Stories of Service: Nicole Lynn Perry

Nicole Lynn Perry

People are already serving – and if you kick out someone with 15 years’ experience, someone who’s been through the Iraq War, you can’t just replace that. You lose a lot of quality.

Nicole Lynn Perry, born and raised in Dallas, Texas, set her sights on the armed services from a very young age. She looked up to her Uncle Loren, a proud African American soldier who was deployed to Iraq with his Army unit shortly after 9/11. “I wanted to be like him,” she says.

Nicki, as she’s called, considered different branches. She joined the ROTC in high school, then mulled the Navy. Ultimately, in 2008, she chose the Marine Corps, in part because of its reputation for toughness. “It was the fact of trying to prove who I was to everyone.”

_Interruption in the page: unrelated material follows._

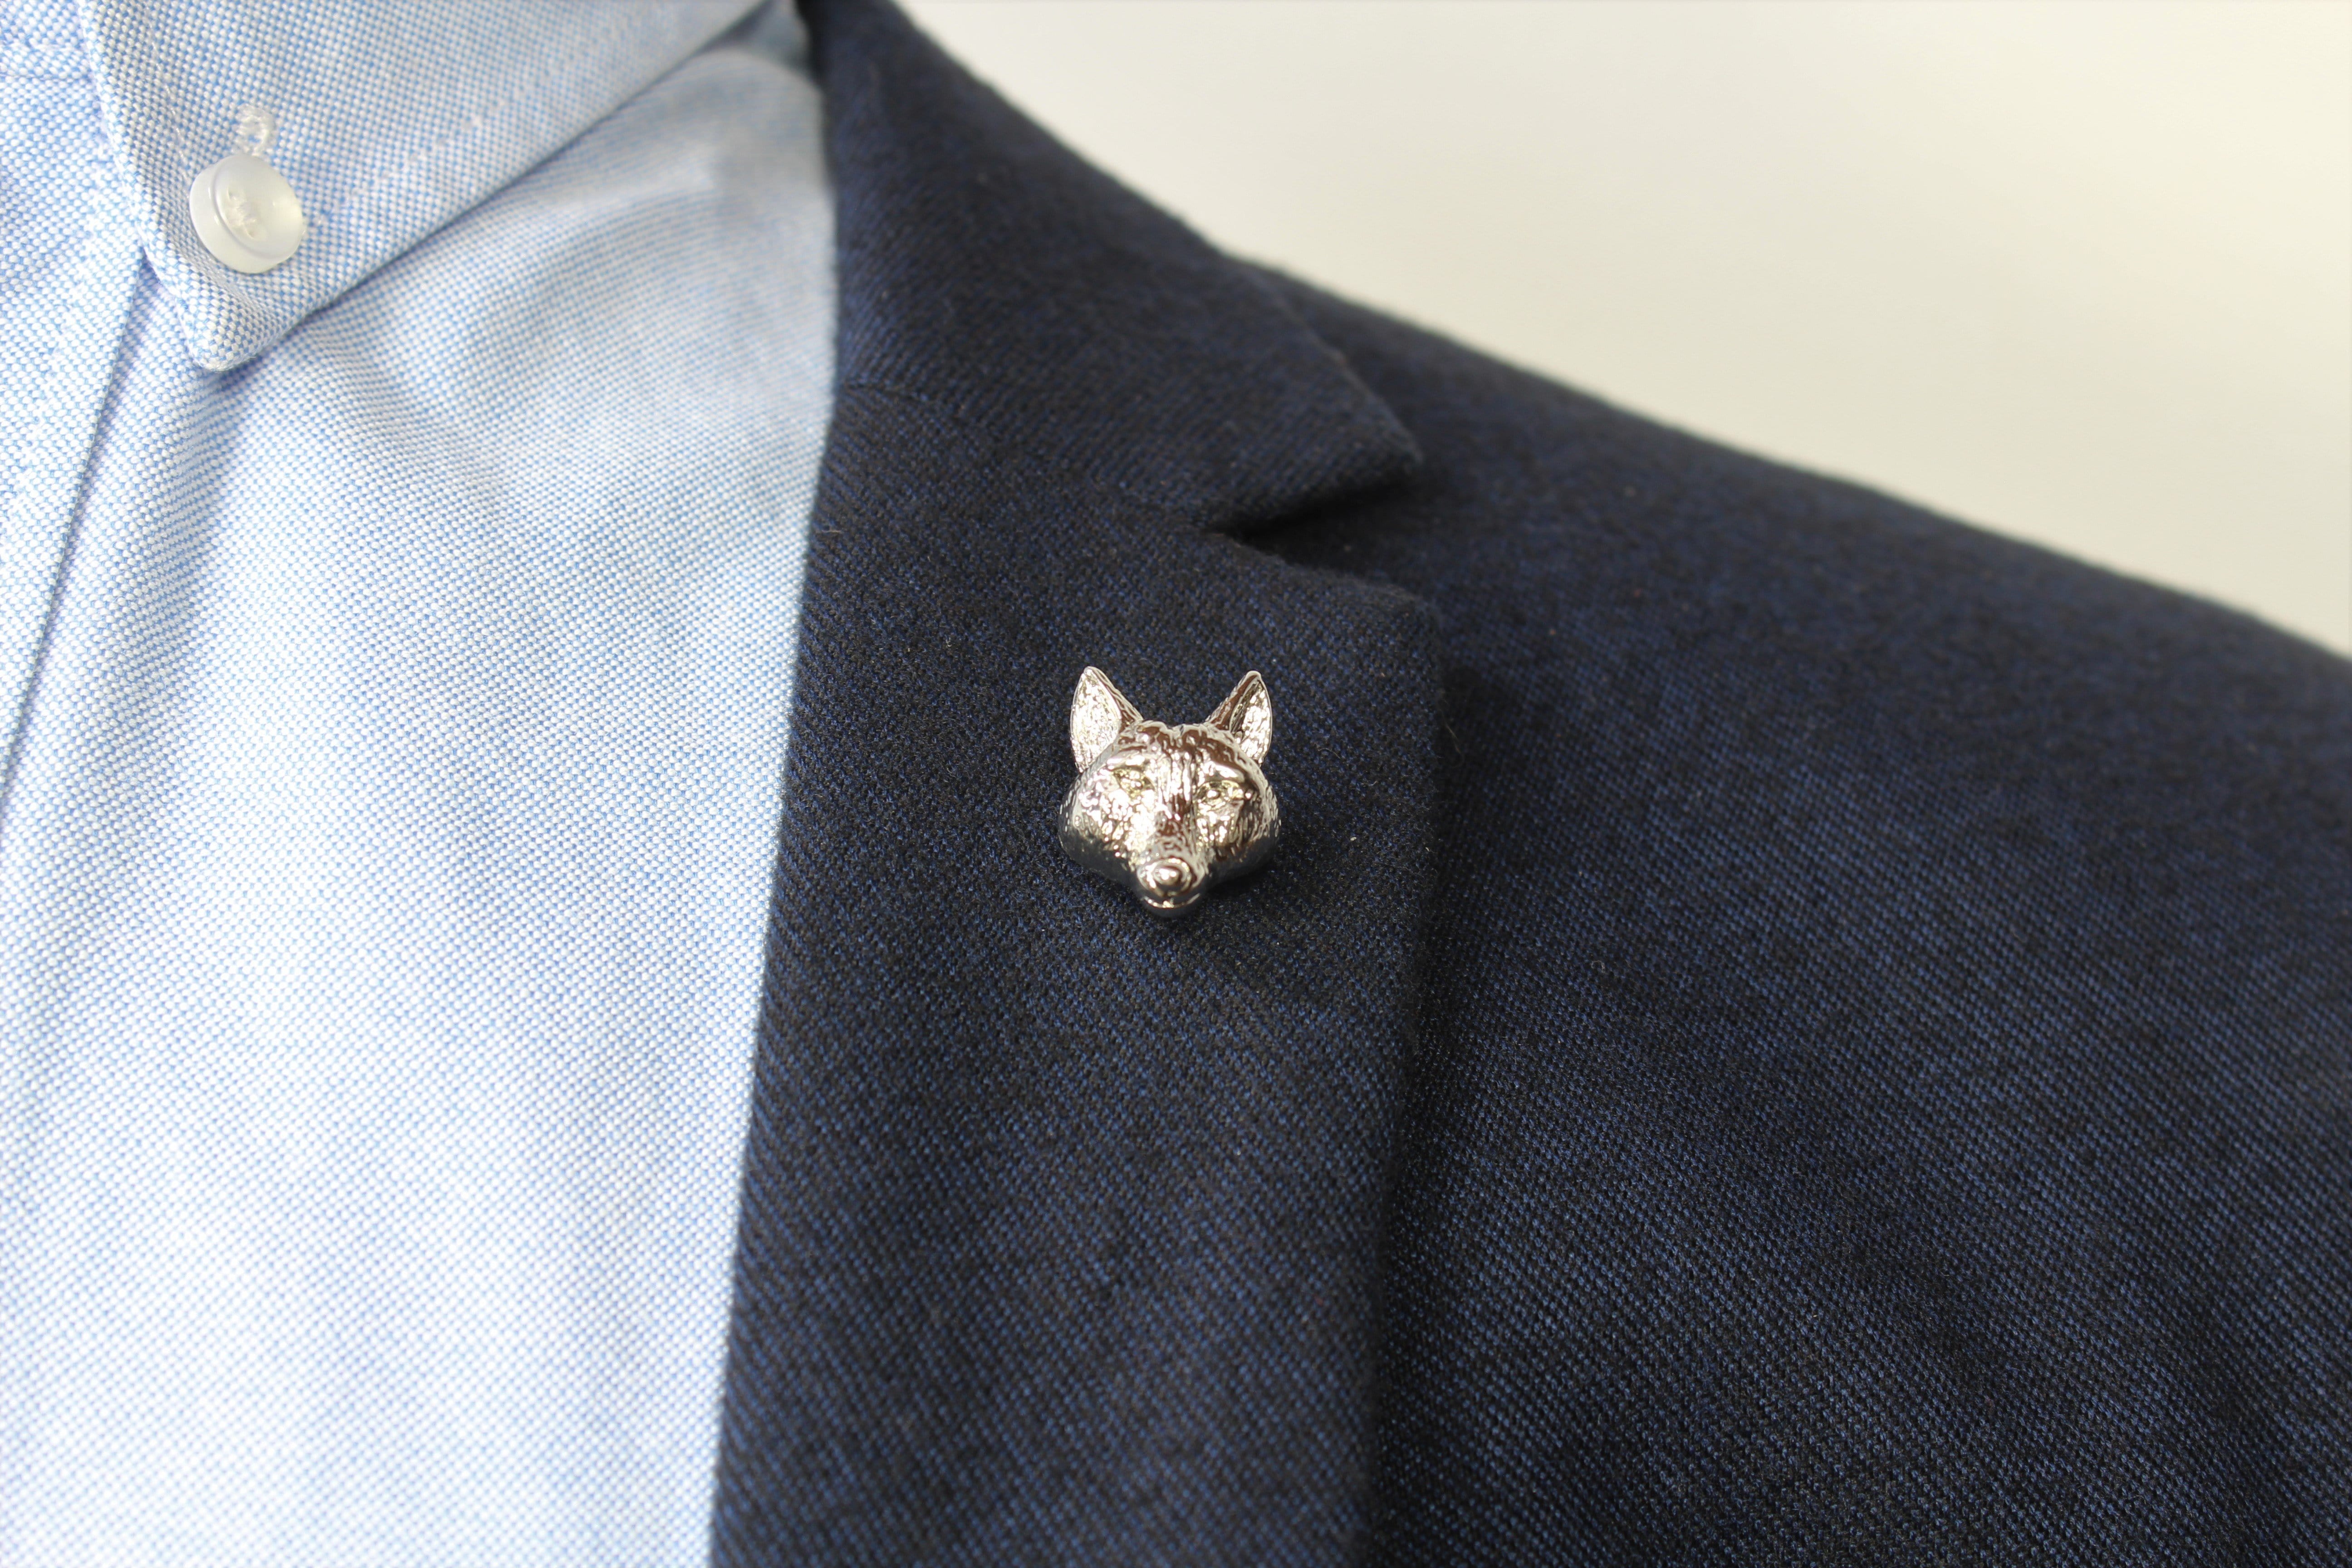 Wolf Head Lapel Pin on blazer - Stolen Riches
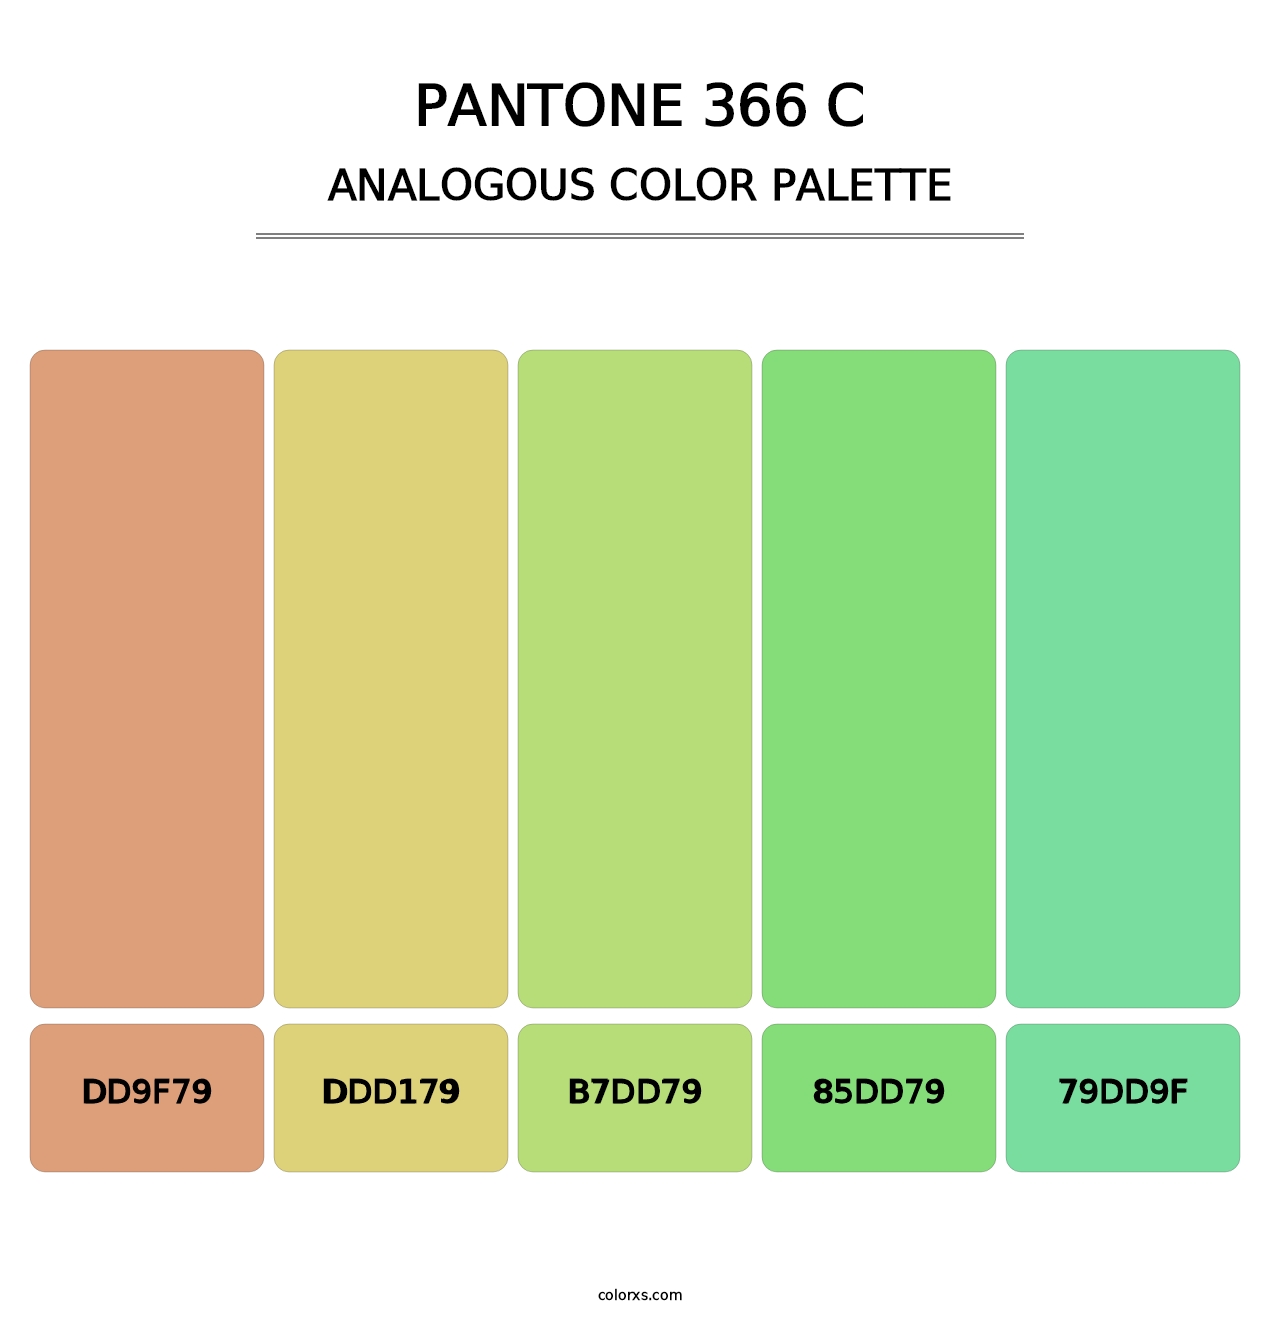 PANTONE 366 C - Analogous Color Palette

Nicki became an IT specialist and did her best to fit in with the “very masculine” Marine Corps culture. Not yet able to live as the transgender woman she is, she says she was seen as “soft” – but no one directly gave her any trouble. In fact, says Nicki, she experienced the Marine Corps as “a family. People have your back. We tried to help each other out wherever we could.”

Finally, in 2012, Nicki came out to herself and a very small number of people. Don’t Ask Don’t Tell had been repealed in 2011, but the repeal did not explicitly protect transgender service members. So Nicki made small, careful steps toward transition, always aware of the risk of even wearing women’s socks.

But the stress of keeping a secret led her to an impossible choice: stay in the military at a job she loved and was trained for and dedicated to, or transition in order to live her life authentically. Ultimately Nicki had to leave the Marine Corps to be herself.

The following year, after nearly two years of thorough study, the Department of Defense began allowing transgender service members to come out and serve openly – a positive step forward even if it was too late for Nicki.

Still, she vividly remembers the day in July 2017 that Trump tweeted his intention to reinstate the transgender service ban: “My phone rang and my tablet exploded with notifications. I thought, oh SHIT.” She knew that transgender people still serving were in a terrible position, having been briefly able to serve openly, and now thrown into a world of uncertainty.

“Those people are worried, because the military is the only life they’ve known. How would they go out into the civilian world? It’s a very hard transition even when it’s voluntary,” let alone when you are forced to leave.

To Nicki, the ban on transgender people serving in the military makes no sense. “People are already serving – and if you kick out someone with 15 years’ experience, someone who’s been through the Iraq War, you can’t just replace that. You lose a lot of quality.”